Os chefes seguem a tradição do gênero: imponentes, brutais e cheios de personalidade. Inspirados na mitologia chinesa e no tema da Feathering, muitos misturam traços humanos e animais — guerreiros demoníacos cobertos de penas, sacerdotes enlouquecidos, criaturas deformadas pela doença. Cada confronto exige domínio do Shimmer e do Skyborn Might, com lutas que frequentemente se desdobram em múltiplas fases, alternando entre ataques físicos e mágicos. Visualmente, são espetaculares: detalhes em tecidos rasgados, armaduras ornamentadas e expressões que transitam entre a dor e a fúria.
O mundo de Wuchang segue a tradição dos cenários interconectados, mas aposta em maior verticalidade e variedade ambiental. O jogador atravessa florestas enevoadas, templos em ruínas, vilas devastadas e montanhas cobertas de neve — cada região com transições orgânicas, atalhos e passagens secretas.
A exploração é sempre recompensadora, seja com tesouros, fragmentos de história ou desafios opcionais que testam a coragem do jogador.
Um dos toques mais marcantes está no sistema de Santuários — pontos de descanso e progresso. Para ativá-los, Wuchang corta a própria mão e deixa o sangue escorrer sobre o altar, um gesto simbólico de sacrifício. O jogador pode apenas acessar o menu de melhorias (sem reviver inimigos) ou escolher “entrar no sonho”, o que restaura vida e recursos, mas faz todos os oponentes retornarem. Esse controle sobre o ciclo de risco e recompensa é um detalhe brilhante que altera o ritmo da exploração.
As missões secundárias são discretas, mas significativas. NPCs espalhados pelo mundo pedem ajuda, vendem itens e compartilham fragmentos da narrativa. Muitos reagem ao progresso do jogador, reconhecendo suas vitórias ou temendo sua condição de Feathered.
As decisões tomadas podem alterar o destino desses personagens, ainda que o tom geral permaneça melancólico — nem todos podem ser salvos, e a tragédia é uma constante companheira.

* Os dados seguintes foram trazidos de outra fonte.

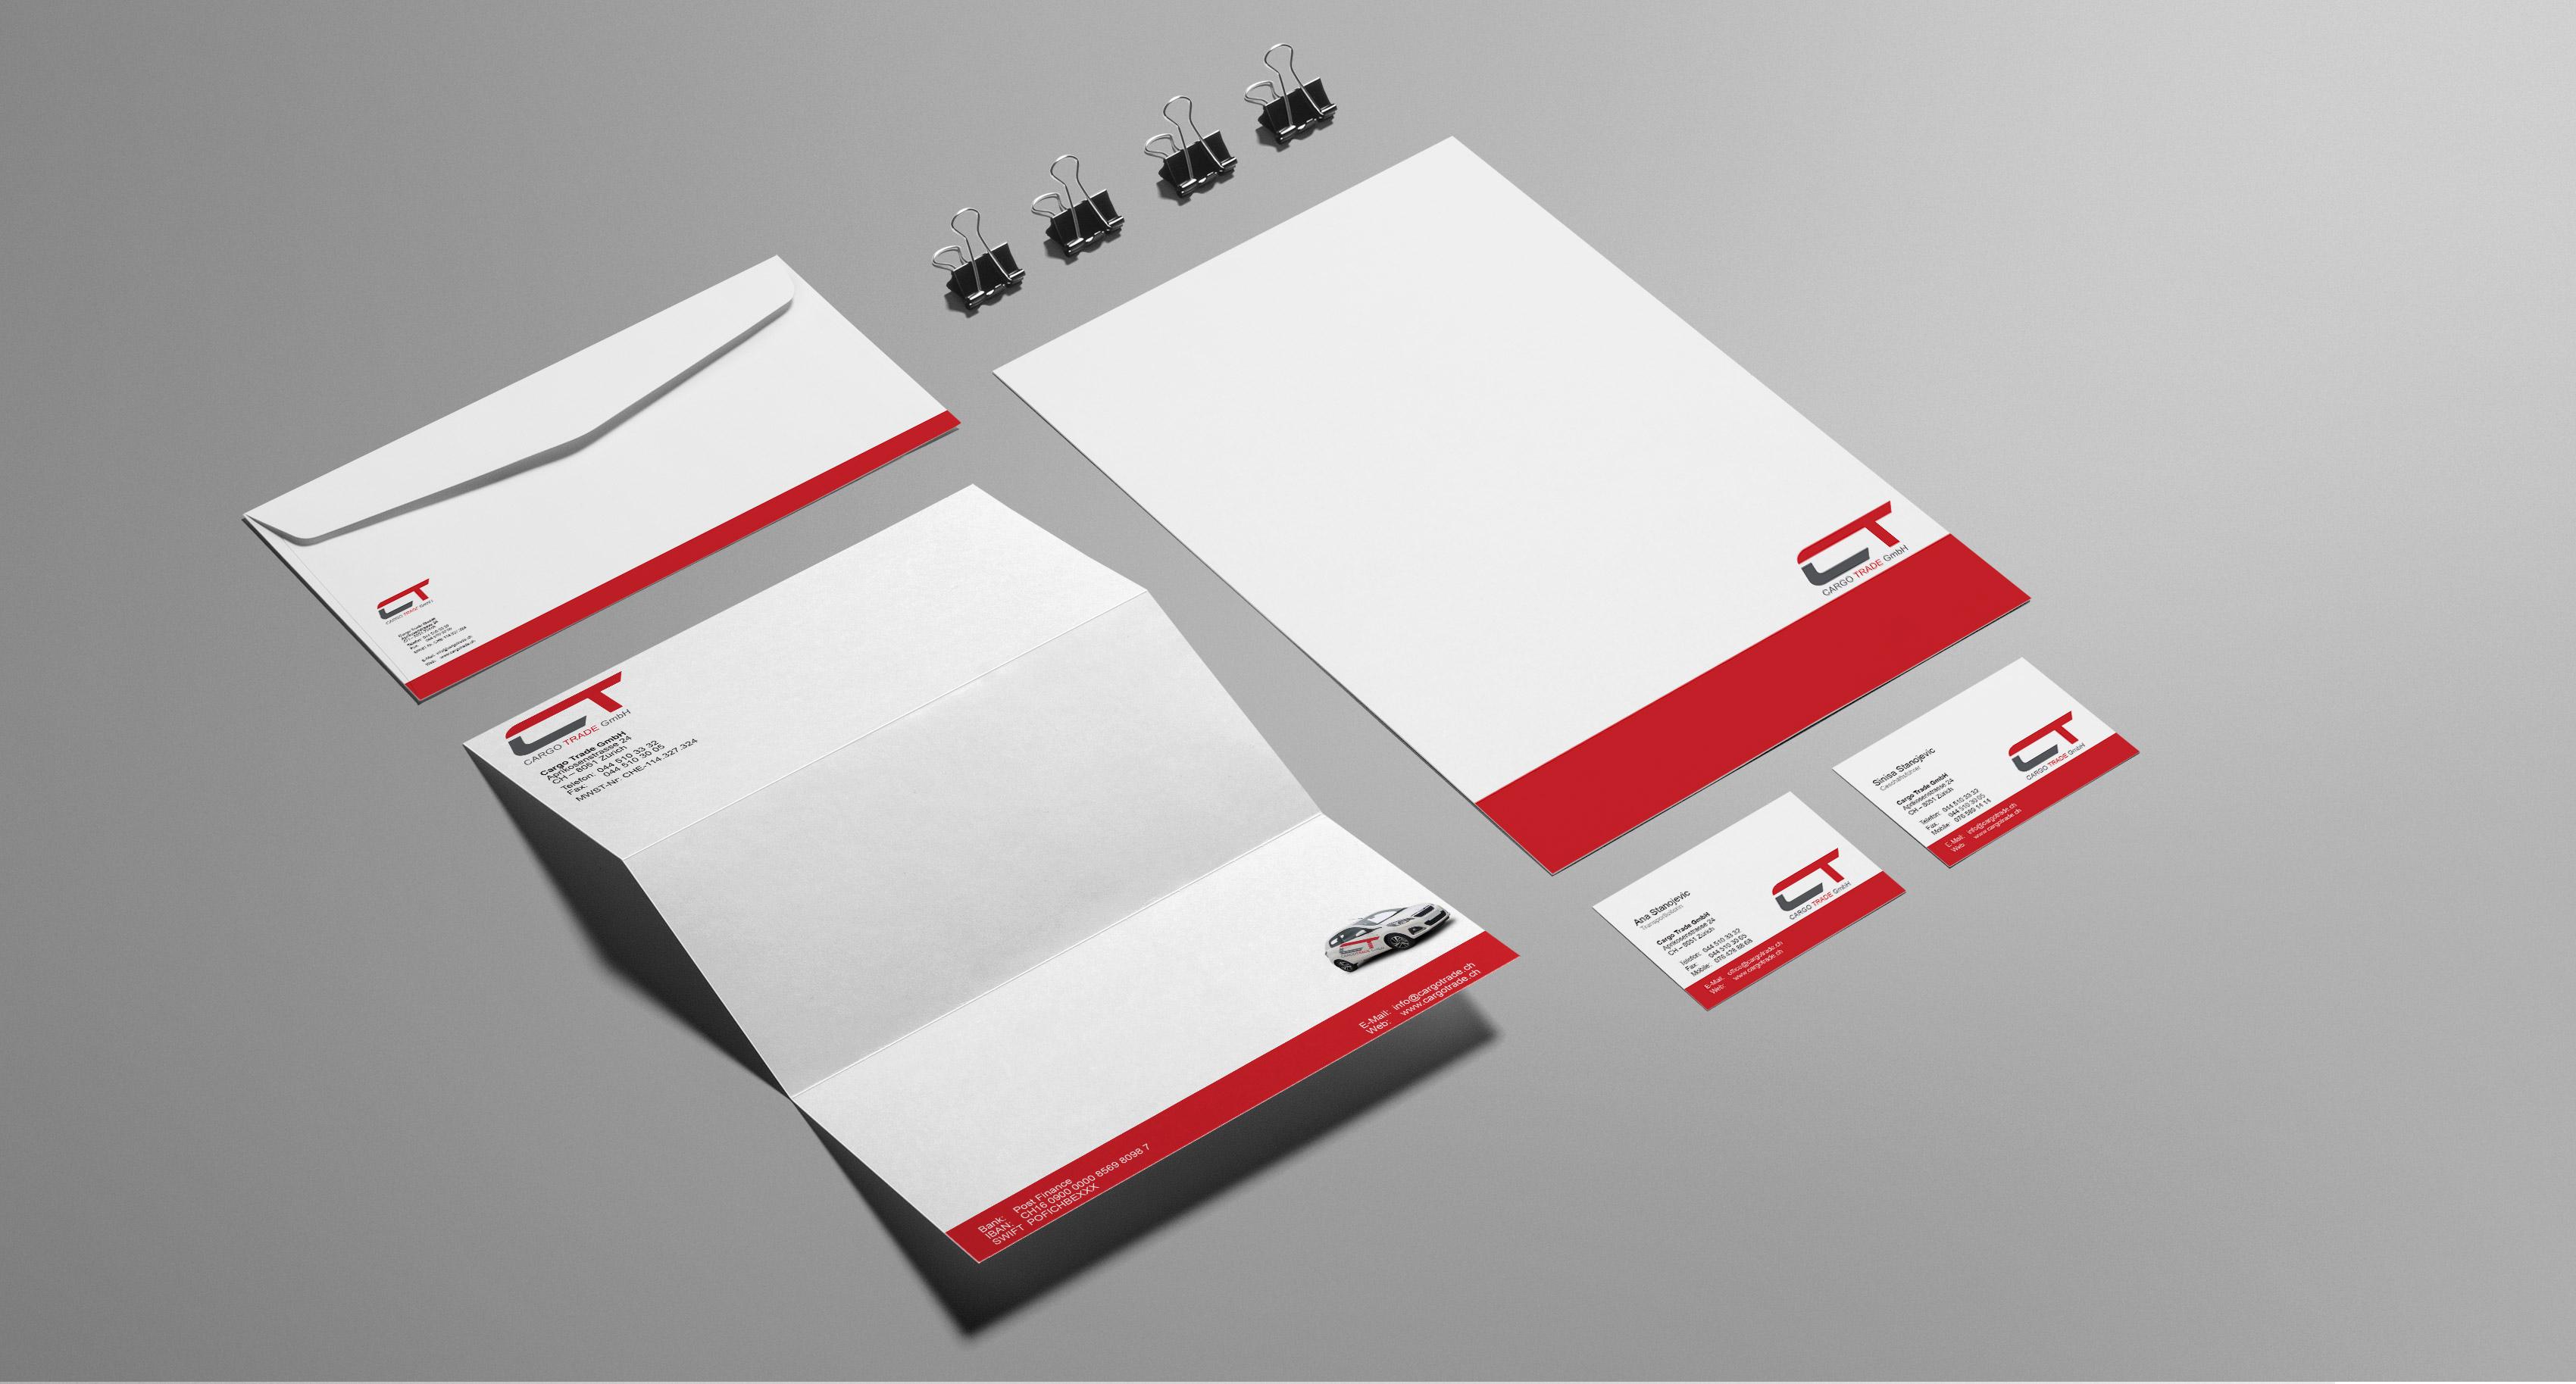 Briefpapier Gestalten Lassen Designer Design Layout

Visualmente, o jogo é um espetáculo. A engine usada pela Leenzee oferece iluminação volumétrica, texturas detalhadas e efeitos climáticos impressionantes. A paleta de cores varia entre tons frios e melancólicos nas montanhas e matas, e cores quentes e saturadas em vilas incendiadas ou templos dourados. O design dos personagens mistura realismo histórico com toques sobrenaturais, criando uma estética que lembra pinturas tradicionais chinesas em movimento.
O desempenho, no entanto, não é perfeito. No PlayStation 5, há relatos de quedas de taxa de quadros nas áreas iniciais e leves travamentos durante transições rápidas de mapa. Nas fases posteriores, a estabilidade melhora significativamente, sugerindo que futuras atualizações devem corrigir esses problemas. Mesmo assim, o jogo mantém alta qualidade visual sem comprometer a jogabilidade.
A trilha sonora é discreta, baseada em instrumentos chineses tradicionais como o guzheng e o erhu, misturados com percussão intensa em batalhas. Os efeitos sonoros das armas e feitiços são nítidos, e o design de áudio reforça a atmosfera de solidão e tensão. O destaque vai para a dublagem em chinês e inglês, ambas de alto nível — um feito raro em produções bilíngues desse porte.
Agradecimentos a 505 Games que nos enviou o jogo para a produção do review!
Conclusão
Wuchang: Fallen Feathers é mais do que um Soulslike ambientado na China antiga — é uma reinvenção do gênero. Sua protagonista feminina, o enredo culturalmente rico e os sistemas inovadores o tornam uma das experiências mais originais da geração. Apesar de pequenas falhas técnicas e uma curva de aprendizado íngreme, o jogo recompensa o esforço com combates elegantes, exploração recompensadora e uma profundidade mecânica rara.